SUP DCN User Role

The SUP DCN User is a logical role that Unwired Platform uses to authorize any DCN event: updating data in the cache, executing an operation, or triggering a workflow package.

Before any DCN event is submitted, the person or group mapped to this role must be authenticated and authorized by the security configuration used. By default, SUP DCN User is automatically available to all new security configurations you create. However, the underlying default varies depending on the environment in use.

In a development environment – A physical role called DCNRole is automatically added to the OpenDS LDAP directory. The SUP DCN User logical role is mapped to the DCNRole physical role, which is group automatically added to this directory. Both the supAdmin and supDcnDeveloper LDAP users are added as members of DCNRole, so either user may perform DCN.
In a production environment – In a single domain environment, the "default" Domain's security configuration has "no security" set by default. That means, any user/password credentials are authenticated, and all roles are granted to everyone. So any user could perform DCN initially.
However, eventually this default configuration for the default domain will change. In this case—as in the case for any additional security configurations that is added—the SUP DCN User logical role must be mapped to some physical role in the backend security systems, and the user who performs DCN must be in that physical role.

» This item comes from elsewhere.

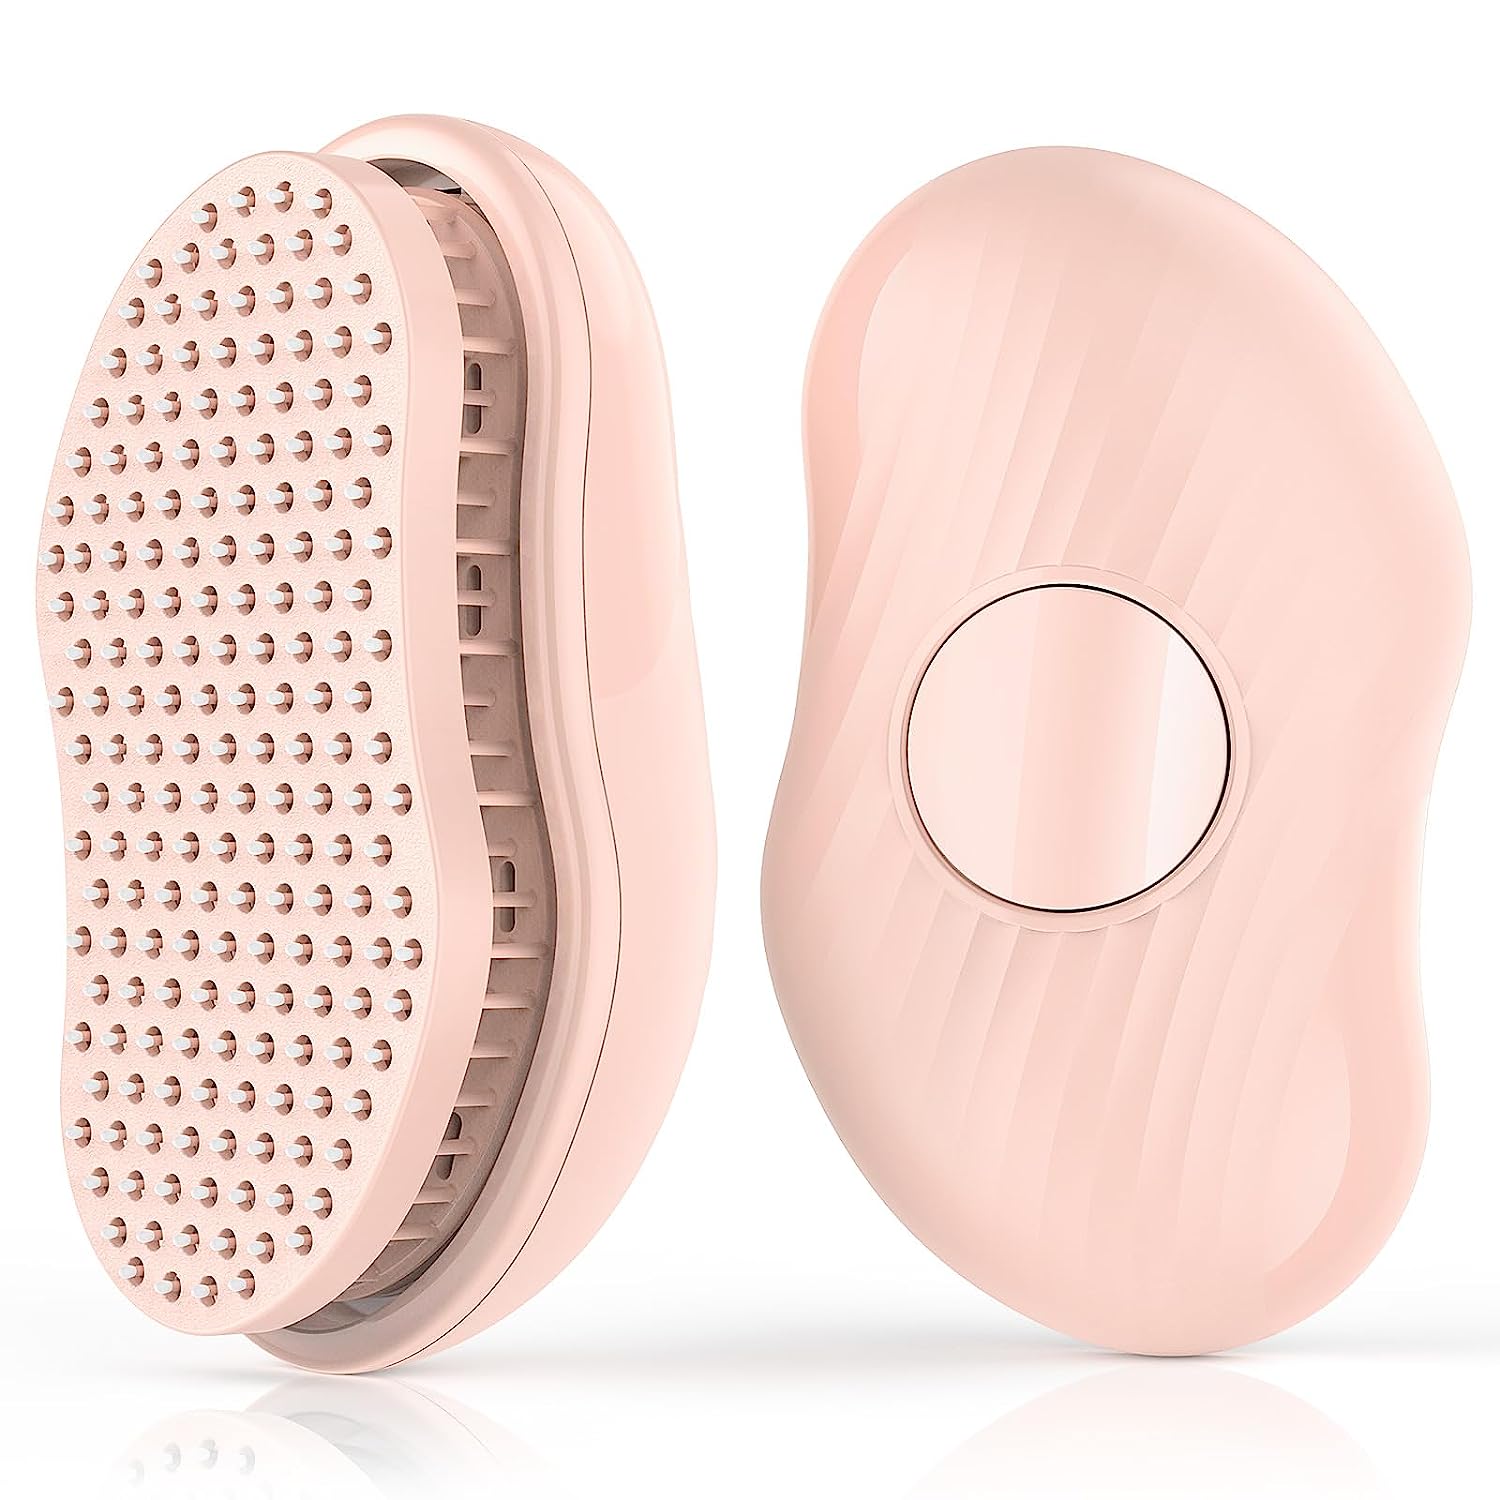 Hair Brushes for Women, One-Key Self-Cleaning Hair [...]

Note: If security configuration provider does not support roles, you must perform a special mapping manually. You can create a single user role (a role explicitly mapped to a single user authenticated against the particular security configuration). This is achieved by prefixing the username with user:. For example, a mapped physical role named user:joep would authorize the user named 'joep' to issue DCN to any package associated with the particular security configuration that contains this mapping, or to issue a workflow DCN to any user authenticated against the particular security configuration.

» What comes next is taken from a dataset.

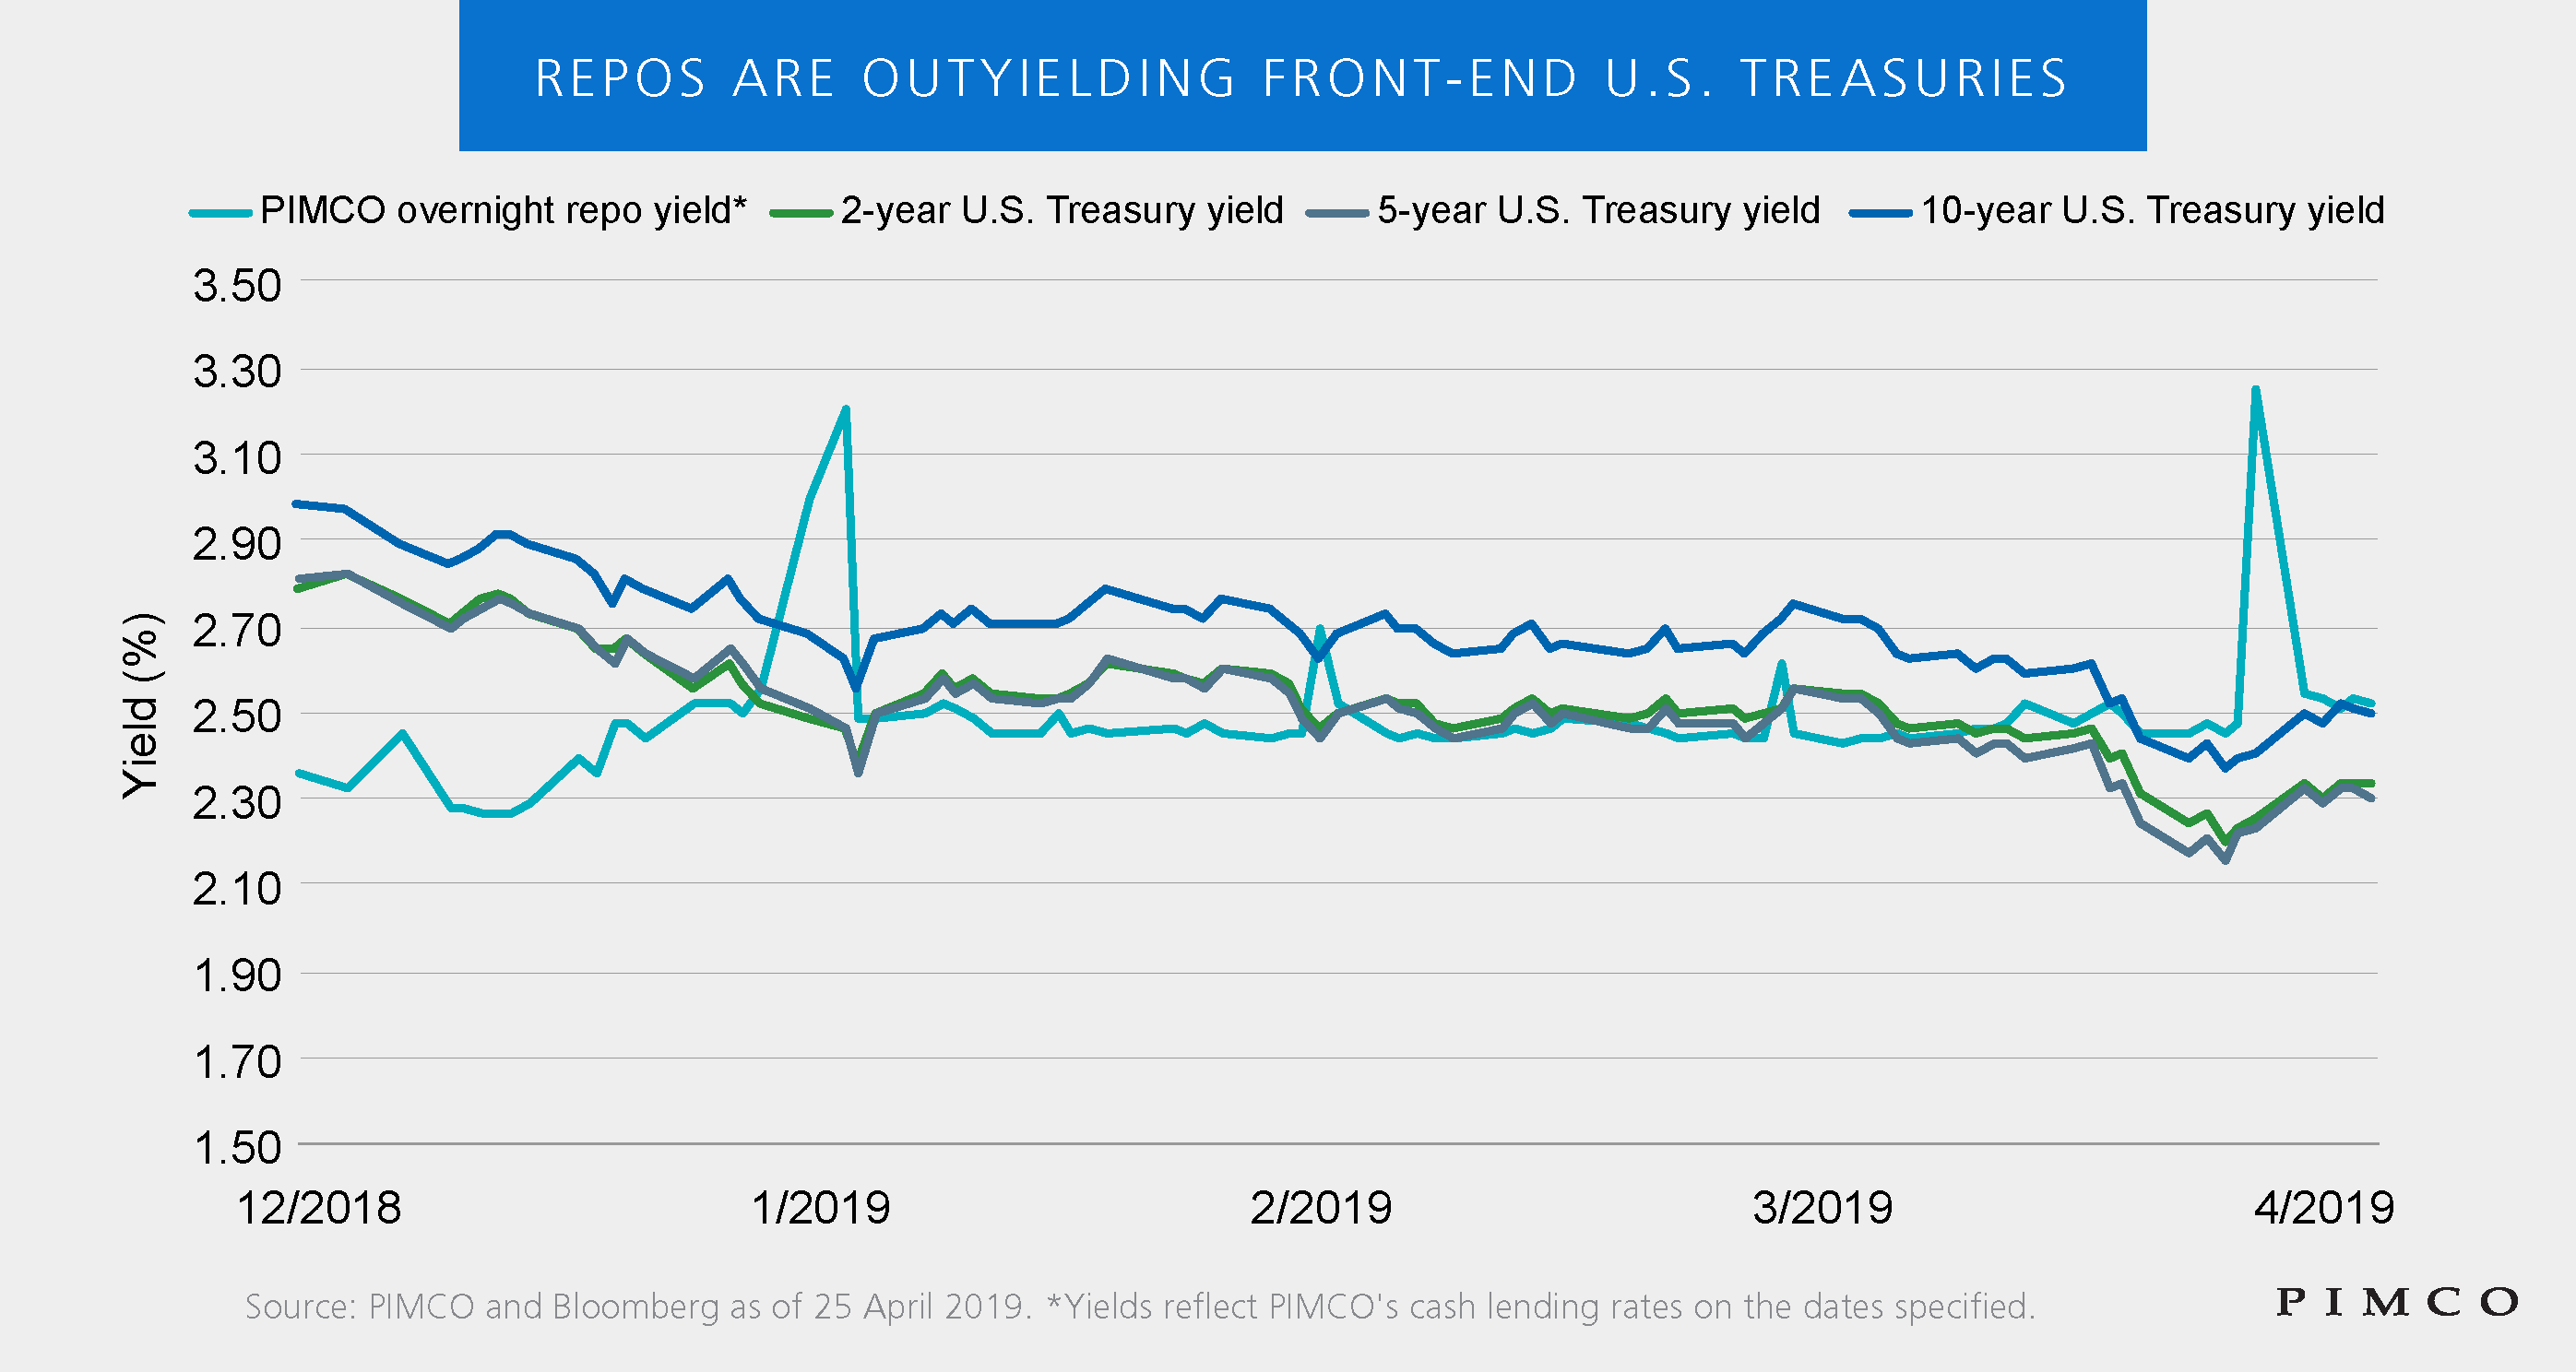 The figure is a line graph of the PIMCO overnight repo yield, along with yields for two-year, five year and 10-year Treasuries, for the period December 2018 to April 2019. The graph shows how repo yields in late March spiked to about 3.25%, before dropping in late April to about 2.5%, about the same as the 10-year Treasury yield, compared with about 2.3% for the five-year and the two-year. Over the five-month period, repo yields usually were the lowest yield, aside when they briefly spiked in January, February and March.

To map the SUP DCN User to a user in the underlying security repository, the user name must be first defined in Sybase Control Center as a physical role that is mapable. Then, SUP DCN User role can be mapped to a physical user or to a physical role from Sybase Control Center. For example, if you want to map SUP DCN User to a user use the format user:<User> . Alternatively, you can also map it to a role with <PhysicalRole>.
If you are supporting multiple domains, then the user name also needs to include the named security configuration for the package the DCN is targeted for, by appending @<DomainSecurityConfigName> as a suffix to that name. Suppose you have two packages (PKG_A, PKG_B) deployed to 2 domains (Domain_A, Domain_B) respectively. Further, assume that PKG_A in Domain_A has been assigned to the "admin" security configuration, whereas PKG_B in Domain_B has been assigned to the "alternateSecurityConfig" security configuration.
- A user doing DCN to PKG_A should identify themselves as User@admin.
- A user doing DCN to PKG_B should identify themselves as User@alternateSecurityConfig.
If you are using ActiveDirectory, and are using email addresses for user names, then definitions appear as <username@myaddress>@<DomainSecurityConfigName>.

Furthermore, the implementation varies depending on the DCN service used:

For workflows, because the resource the user is pushing data towards is a group of named users (users authenticated previously successfully against a certain security configuration), therefore the user must have the authorization to push to that particular security configuration. The user must have be mapped to SUP DCN User in the security configuration for the workflow target.
A user having SUP DCN User logical role in security configuration 'mySecConfig1' must not have the right to push workflow DCN or regular DCN to a user or package associated with 'mySecConfig2'.